「音のない世界は、不幸ではない」新店舗にかける夫婦の思い

そして今回、齋藤社長が新たに乗り出したのが耳の聞こえない「ろう者」のための居場所づくり。「音のない」バウムクーヘン店をオープンする計画を立てました。

主に使われる言葉は、「手話」です。

(齋藤社長)「サインランゲージストア。手話とかボディランゲージとか。手話は表情も言語の中に入っている。すごくいい表情で接客する、お客さんもニコニコする光景をいっぱい見てきて、これって一個の可能性だと」

手話での接客は、「商品を売る」だけではなく「付加価値を生みだす」はず。そんな期待があります。試験販売を任されていた玉木さん夫婦は、この新店舗の店長になります。

3歳の時、高熱を下げる注射の副反応で耳が聞こえなくなった玉木さん。妻・千夏さんは生まれつきでした。

ずっと、音のない世界で過ごしてきた2人。社会とのつながりを持つのが難しく、一番、苦労したのは就職でした。

(玉木さん)「前働いていたラーメン屋では、手話はダメといわれ、口で言え!声を使え!といわれていました。楽しくはなかった。」

(妻・千夏さん)「小さいときから接客はやってみたい仕事の一つでした。お客さんに会って、レジを打つ、そういうのをやってみたい。

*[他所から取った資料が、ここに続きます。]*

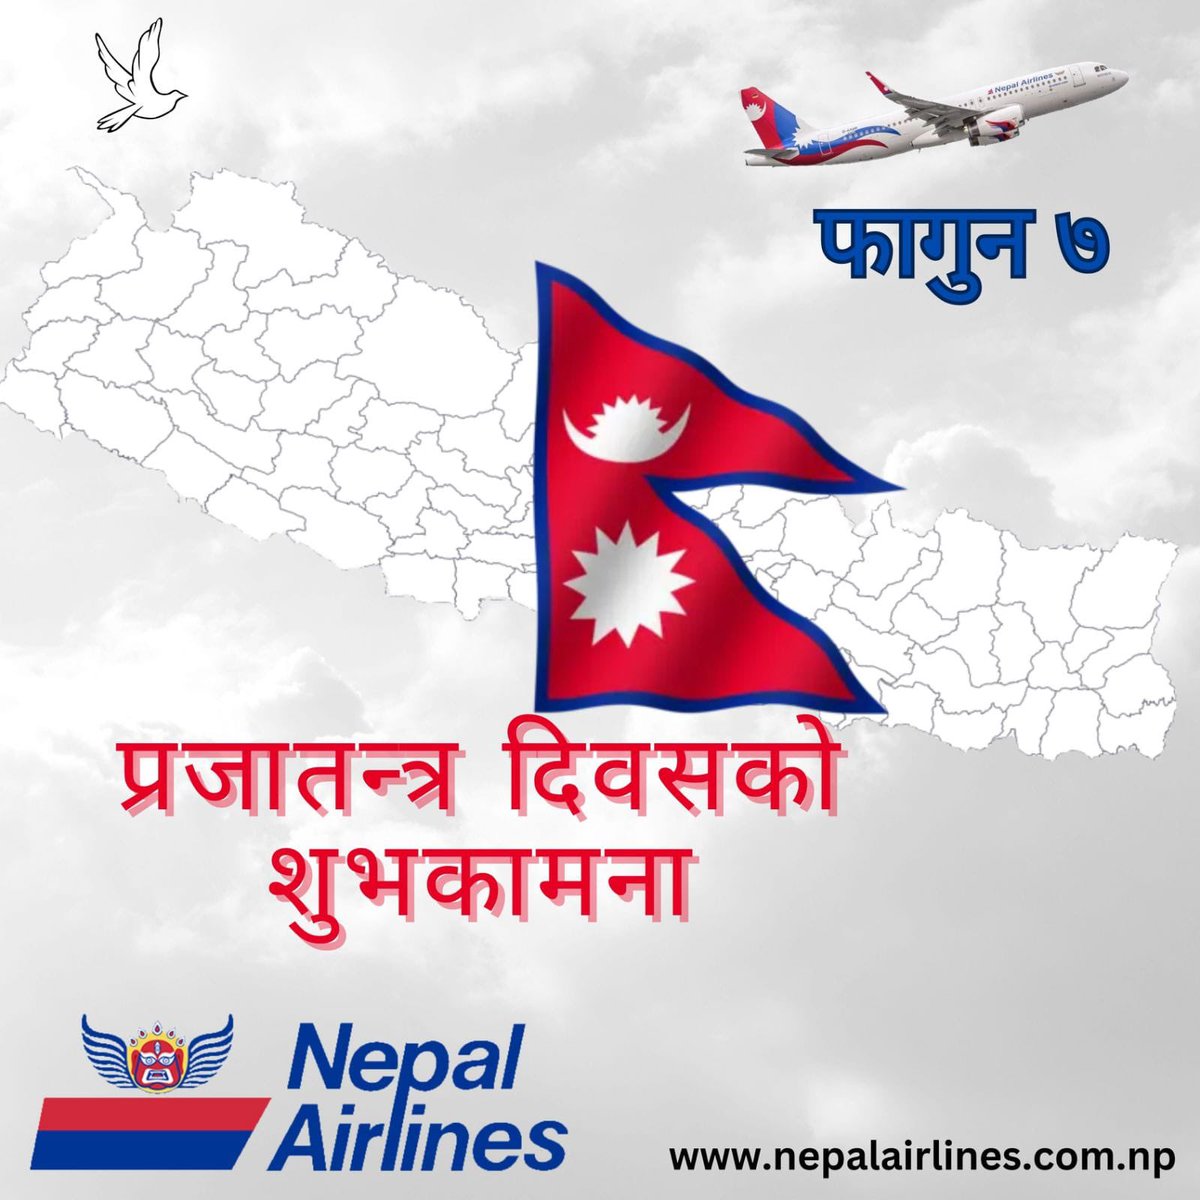 प्रजातन्र दिवसको शुभकामना #NepalAirlinesRA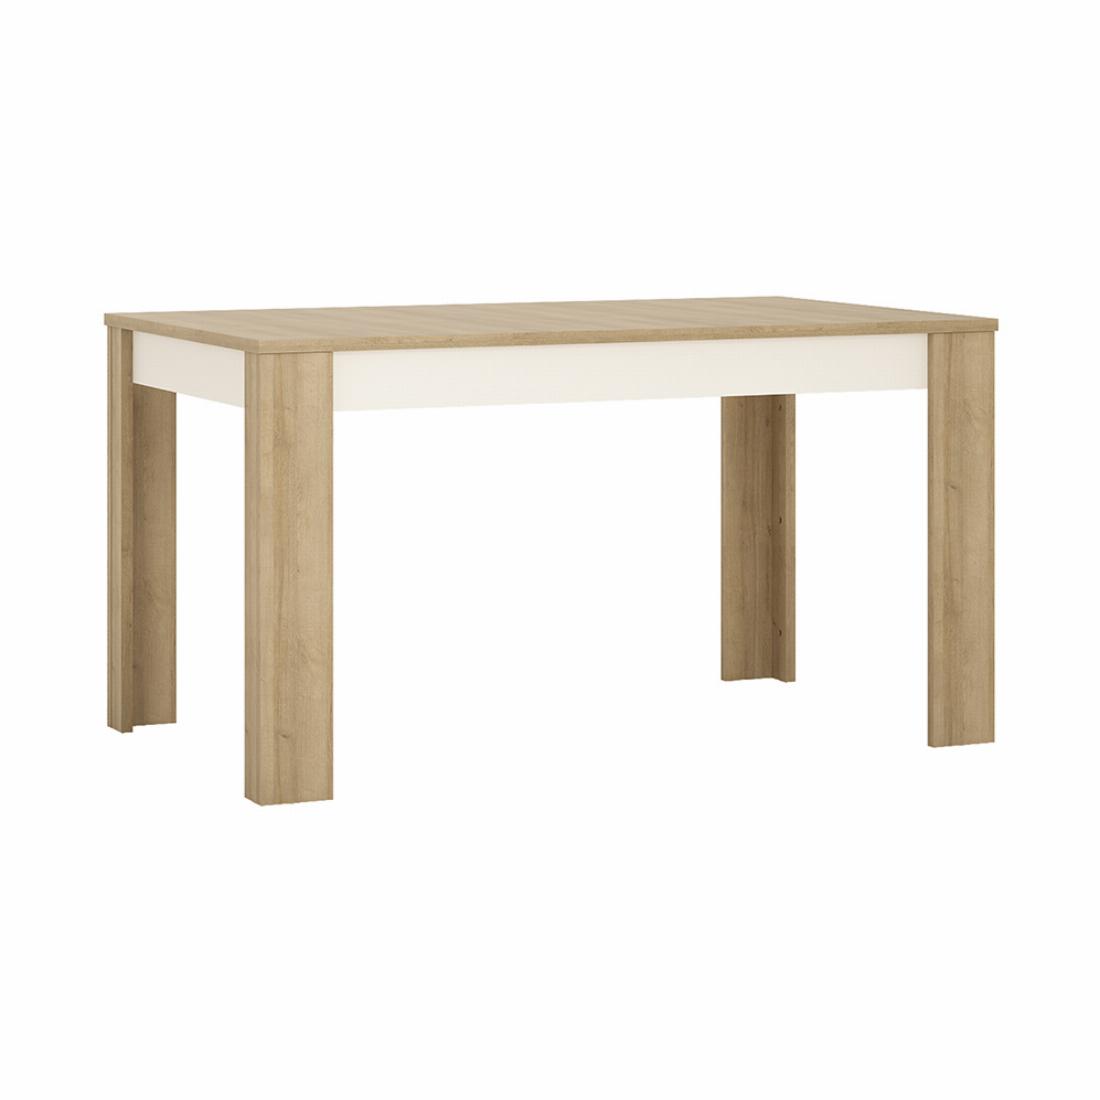 Lyon Medium extending dining table 140180cm

小さい頃からの憧れ、でもそういう仕事はろう者には無理と言われて、やれませんでした。」

(妻・千夏さん)「音のない世界は不幸ではなく、不便

社会とつながりたくても、中々うまくいかなかったこれまでの生活。だからこそ、自分たちの店は、障害のあるなしに関わらず居心地の良い場所にしたいという強い思いがあります。

(玉木さん)「障害関係なく、誰でも来られて、仲良くなれるような店を目指しています」

(齋藤社長)「どうしても裏方の仕事で表に出られなかったりとか、最初から無理だとかダメだとか、チャンスすら与えられない。全部が全部自分たちでできなくても、周りに支える人がいたりとか、仲間がいればできることってある」

もうすでに、店の名前「ココトモファーム」の手話も考えてあります。両手を握り合わせる“友達”を表す手話に、輪を描く“バウムクーヘン”の手話を組み合わせました。

オープン当日。6畳ほどの小さな店舗に続々とお客さんがやってきます。

静かな店内。でも、笑顔があふれています。

(千夏さん:手話で)「4400円、冷たくておいしい、おいしい」

(客:ジェスチャーで)「ありがとう、頑張って」

耳が聞こえなくても…会計時の小さな幸せも、共有できます。

(客:ジェスチャーで)「すごいね、ぞろ目だよ555」

(玉木さん)「GO!GO!GO!」

(客)「ぞろ目はいいことが起きる前兆なんだって」

2人の店はこれからも “静かに”賑わいそうです。